**Problem requirements**
Only an exact repetition of every entry counts as the answer.

————————

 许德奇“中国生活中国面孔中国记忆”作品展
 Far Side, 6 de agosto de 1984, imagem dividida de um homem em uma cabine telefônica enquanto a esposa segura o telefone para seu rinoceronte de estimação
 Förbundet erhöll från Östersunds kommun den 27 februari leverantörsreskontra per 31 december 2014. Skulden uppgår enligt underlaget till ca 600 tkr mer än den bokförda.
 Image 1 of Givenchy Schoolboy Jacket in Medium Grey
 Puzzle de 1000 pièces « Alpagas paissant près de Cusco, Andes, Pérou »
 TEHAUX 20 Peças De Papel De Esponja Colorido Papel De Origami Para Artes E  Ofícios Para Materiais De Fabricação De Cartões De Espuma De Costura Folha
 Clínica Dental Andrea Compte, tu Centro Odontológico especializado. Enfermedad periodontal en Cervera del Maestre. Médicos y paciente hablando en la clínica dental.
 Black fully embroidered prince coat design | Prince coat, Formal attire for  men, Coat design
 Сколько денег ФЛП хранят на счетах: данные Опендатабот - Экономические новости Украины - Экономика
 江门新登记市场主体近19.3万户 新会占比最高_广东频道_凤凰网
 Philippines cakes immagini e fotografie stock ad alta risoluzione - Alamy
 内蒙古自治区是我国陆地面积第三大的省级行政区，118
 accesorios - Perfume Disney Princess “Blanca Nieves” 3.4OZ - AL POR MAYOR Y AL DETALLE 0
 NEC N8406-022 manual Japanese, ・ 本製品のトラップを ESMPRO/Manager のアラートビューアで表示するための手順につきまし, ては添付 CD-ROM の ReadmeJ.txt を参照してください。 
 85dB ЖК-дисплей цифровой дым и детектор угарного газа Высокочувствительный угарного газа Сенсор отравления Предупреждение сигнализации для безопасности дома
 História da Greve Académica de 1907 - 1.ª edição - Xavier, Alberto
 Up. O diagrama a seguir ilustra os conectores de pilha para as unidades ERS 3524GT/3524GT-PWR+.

————————

**Answer to this problem**
 许德奇“中国生活中国面孔中国记忆”作品展
 Far Side, 6 de agosto de 1984, imagem dividida de um homem em uma cabine telefônica enquanto a esposa segura o telefone para seu rinoceronte de estimação
 Förbundet erhöll från Östersunds kommun den 27 februari leverantörsreskontra per 31 december 2014. Skulden uppgår enligt underlaget till ca 600 tkr mer än den bokförda.
 Image 1 of Givenchy Schoolboy Jacket in Medium Grey
 Puzzle de 1000 pièces « Alpagas paissant près de Cusco, Andes, Pérou »
 TEHAUX 20 Peças De Papel De Esponja Colorido Papel De Origami Para Artes E  Ofícios Para Materiais De Fabricação De Cartões De Espuma De Costura Folha
 Clínica Dental Andrea Compte, tu Centro Odontológico especializado. Enfermedad periodontal en Cervera del Maestre. Médicos y paciente hablando en la clínica dental.
 Black fully embroidered prince coat design | Prince coat, Formal attire for  men, Coat design
 Сколько денег ФЛП хранят на счетах: данные Опендатабот - Экономические новости Украины - Экономика
 江门新登记市场主体近19.3万户 新会占比最高_广东频道_凤凰网
 Philippines cakes immagini e fotografie stock ad alta risoluzione - Alamy
 内蒙古自治区是我国陆地面积第三大的省级行政区，118
 accesorios - Perfume Disney Princess “Blanca Nieves” 3.4OZ - AL POR MAYOR Y AL DETALLE 0
 NEC N8406-022 manual Japanese, ・ 本製品のトラップを ESMPRO/Manager のアラートビューアで表示するための手順につきまし, ては添付 CD-ROM の ReadmeJ.txt を参照してください。 
 85dB ЖК-дисплей цифровой дым и детектор угарного газа Высокочувствительный угарного газа Сенсор отравления Предупреждение сигнализации для безопасности дома
 História da Greve Académica de 1907 - 1.ª edição - Xavier, Alberto
 Up. O diagrama a seguir ilustra os conectores de pilha para as unidades ERS 3524GT/3524GT-PWR+.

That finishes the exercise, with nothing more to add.